**Materials provided**:
▬▬▬▬▬▬▬▬▬▬
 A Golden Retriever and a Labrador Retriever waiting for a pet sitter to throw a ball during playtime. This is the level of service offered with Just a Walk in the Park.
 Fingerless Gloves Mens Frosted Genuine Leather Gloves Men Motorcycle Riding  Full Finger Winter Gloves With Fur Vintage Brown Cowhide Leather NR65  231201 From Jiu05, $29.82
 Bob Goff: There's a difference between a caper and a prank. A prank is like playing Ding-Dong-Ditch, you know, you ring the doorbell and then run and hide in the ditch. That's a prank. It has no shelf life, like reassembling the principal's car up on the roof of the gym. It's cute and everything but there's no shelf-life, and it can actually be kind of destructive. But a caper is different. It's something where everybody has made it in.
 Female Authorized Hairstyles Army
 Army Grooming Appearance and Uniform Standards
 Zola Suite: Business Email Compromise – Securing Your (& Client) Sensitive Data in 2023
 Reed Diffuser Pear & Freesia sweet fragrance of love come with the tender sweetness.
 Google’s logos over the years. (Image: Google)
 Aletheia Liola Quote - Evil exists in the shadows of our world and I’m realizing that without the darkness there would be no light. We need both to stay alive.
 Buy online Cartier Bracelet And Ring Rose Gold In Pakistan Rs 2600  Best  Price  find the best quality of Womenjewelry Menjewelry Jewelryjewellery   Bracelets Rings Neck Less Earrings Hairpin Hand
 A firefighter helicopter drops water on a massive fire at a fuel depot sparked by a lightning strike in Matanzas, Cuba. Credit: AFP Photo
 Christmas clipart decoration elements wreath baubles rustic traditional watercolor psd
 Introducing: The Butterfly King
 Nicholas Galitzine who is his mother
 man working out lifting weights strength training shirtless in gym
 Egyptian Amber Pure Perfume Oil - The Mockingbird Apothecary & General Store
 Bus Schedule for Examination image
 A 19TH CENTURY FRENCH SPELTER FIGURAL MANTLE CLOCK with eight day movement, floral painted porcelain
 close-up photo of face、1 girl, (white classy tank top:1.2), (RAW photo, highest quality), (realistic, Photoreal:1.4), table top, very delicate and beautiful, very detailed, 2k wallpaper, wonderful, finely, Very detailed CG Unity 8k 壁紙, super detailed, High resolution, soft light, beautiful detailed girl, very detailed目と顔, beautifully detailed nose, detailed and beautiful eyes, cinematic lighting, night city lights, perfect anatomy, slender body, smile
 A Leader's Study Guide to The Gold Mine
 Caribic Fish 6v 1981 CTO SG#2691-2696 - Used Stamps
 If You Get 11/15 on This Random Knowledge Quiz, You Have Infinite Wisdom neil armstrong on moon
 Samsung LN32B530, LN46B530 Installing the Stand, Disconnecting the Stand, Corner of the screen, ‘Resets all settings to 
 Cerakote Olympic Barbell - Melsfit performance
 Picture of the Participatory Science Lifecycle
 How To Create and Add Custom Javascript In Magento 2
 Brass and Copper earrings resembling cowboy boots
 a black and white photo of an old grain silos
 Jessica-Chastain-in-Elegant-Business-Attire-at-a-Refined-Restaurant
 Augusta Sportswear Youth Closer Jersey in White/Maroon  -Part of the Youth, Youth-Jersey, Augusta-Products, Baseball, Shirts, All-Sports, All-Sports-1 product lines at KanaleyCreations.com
▬▬▬▬▬▬▬▬▬▬
**What is required**: After locating the line with "Nicholas Galitzine who is his mother" in the material above, return it and each line after it exactly, ending at the line with "How To Create".

**Task solution**:
 Nicholas Galitzine who is his mother
 man working out lifting weights strength training shirtless in gym
 Egyptian Amber Pure Perfume Oil - The Mockingbird Apothecary & General Store
 Bus Schedule for Examination image
 A 19TH CENTURY FRENCH SPELTER FIGURAL MANTLE CLOCK with eight day movement, floral painted porcelain
 close-up photo of face、1 girl, (white classy tank top:1.2), (RAW photo, highest quality), (realistic, Photoreal:1.4), table top, very delicate and beautiful, very detailed, 2k wallpaper, wonderful, finely, Very detailed CG Unity 8k 壁紙, super detailed, High resolution, soft light, beautiful detailed girl, very detailed目と顔, beautifully detailed nose, detailed and beautiful eyes, cinematic lighting, night city lights, perfect anatomy, slender body, smile
 A Leader's Study Guide to The Gold Mine
 Caribic Fish 6v 1981 CTO SG#2691-2696 - Used Stamps
 If You Get 11/15 on This Random Knowledge Quiz, You Have Infinite Wisdom neil armstrong on moon
 Samsung LN32B530, LN46B530 Installing the Stand, Disconnecting the Stand, Corner of the screen, ‘Resets all settings to 
 Cerakote Olympic Barbell - Melsfit performance
 Picture of the Participatory Science Lifecycle
 How To Create and Add Custom Javascript In Magento 2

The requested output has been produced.